Cerne Abbey was a Benedictine monastery founded in 987 in the town now called Cerne Abbas, Dorset, by Æthelmær the Stout.

History
The abbey was founded in 987 by Æthelmær the Stout. Ælfric of Eynsham, the most prolific writer in Old English, spent time at the abbey as a priest and teacher.

King Cnut plundered this monastery during an attack upon the town, but afterwards became a benefactor of it.

By the time of the Domesday Book, the abbey had added substantially to its endowment. Much of this wealth has been credited to the veneration of Saint Eadwold of Cerne, a 9th-century hermit reputedly a brother of Edmund, king of East Anglia. Eadwold lived as a hermit on a hill about four miles from Cerne.
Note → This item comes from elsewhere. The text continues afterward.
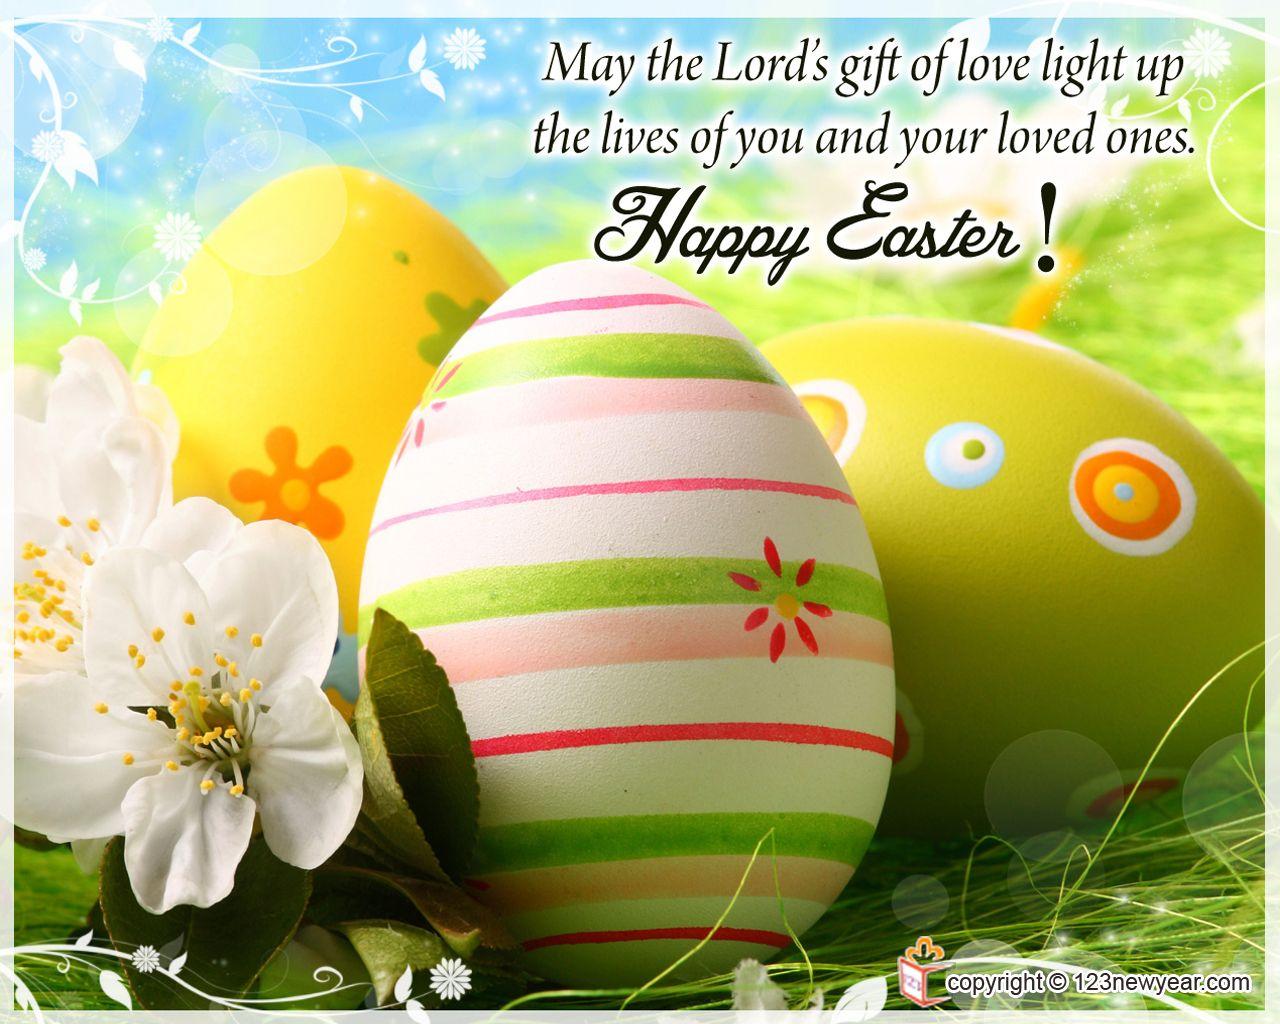 Easter Sunday Picture. Happy easter greetings, Easter sunday

The later history appears to have been relatively uneventful; A History of the County of Dorset says that its history is "perhaps the least eventful of any of the Dorset houses with the exception of that of the sisters at Tarrant Kaines". The abbey's history ended on a less positive note, with the last abbot, Thomas Corton, accused of various offences including that of allowing the abbey and lands to become ruinous, and of keeping a mistress who seems to have borne him children. The accusations were taken seriously enough to warrant inspection by commissioners, and the abbey was closed in 1539.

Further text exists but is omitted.